There is a lot of duplication for basic tasks like assigning policies or role assignments based on having to provide the single targetScope.

This is "not as fast as you would like", however it would be ideal to get this in by v1.0.1?

brwilkinson avatar Jun 23 '23 02:06 brwilkinson

Also, there were some comments about this being enabled with preview feature resourceTypedParamsAndOutputs that is now available, so perhaps there is some testing around this that I can consider...?!

brwilkinson avatar Jun 23 '23 03:06 brwilkinson

It appears that we have both of below, so perhaps we can consolidate to track in single issue?

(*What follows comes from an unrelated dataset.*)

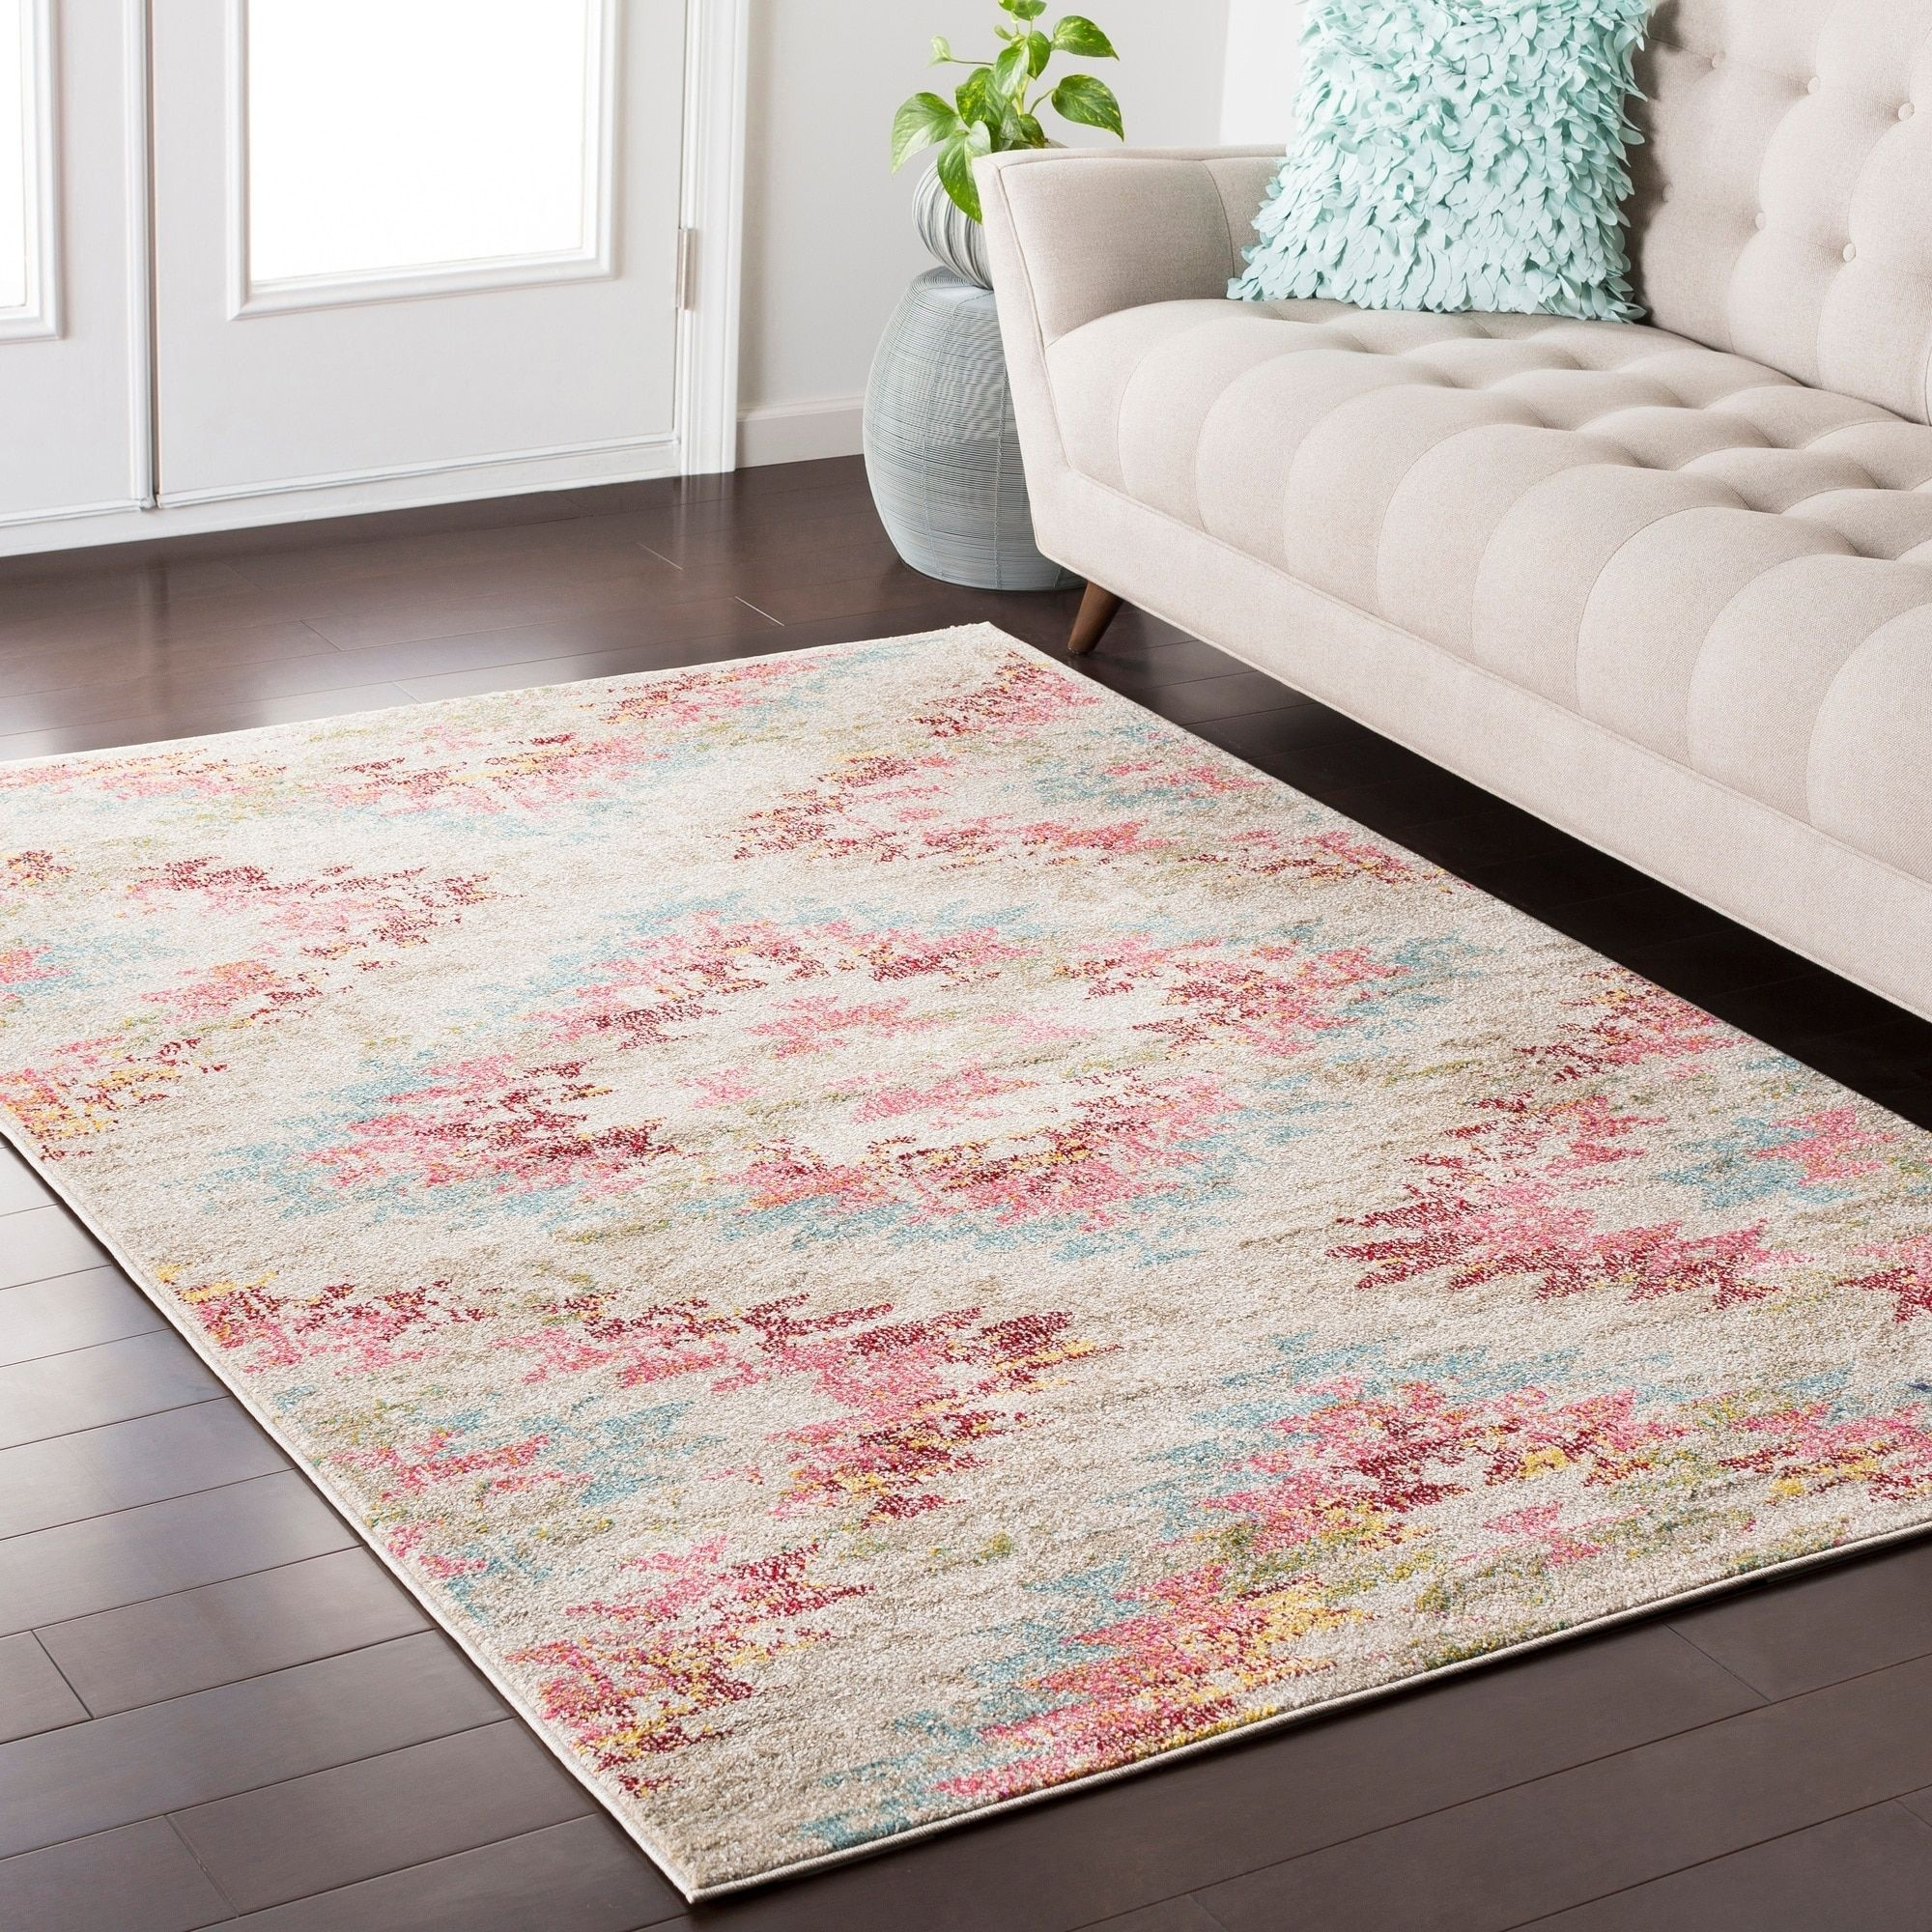 boho modern geometric pastel pink blue area rug 7 10 x 10 3 7 10 x 10 3 pink beige area on boho chic kitchen rugs id=50933

  • https://github.com/Azure/bicep/issues/4698
  • https://github.com/Azure/bicep/issues/10131

brwilkinson avatar Jun 23 '23 03:06 brwilkinson

It would be nice if the Module simply inherited the Scope from the parent Module as the default.

Then you only specify targetScope = when you are changing scope when calling a Module or for any Top Level Module.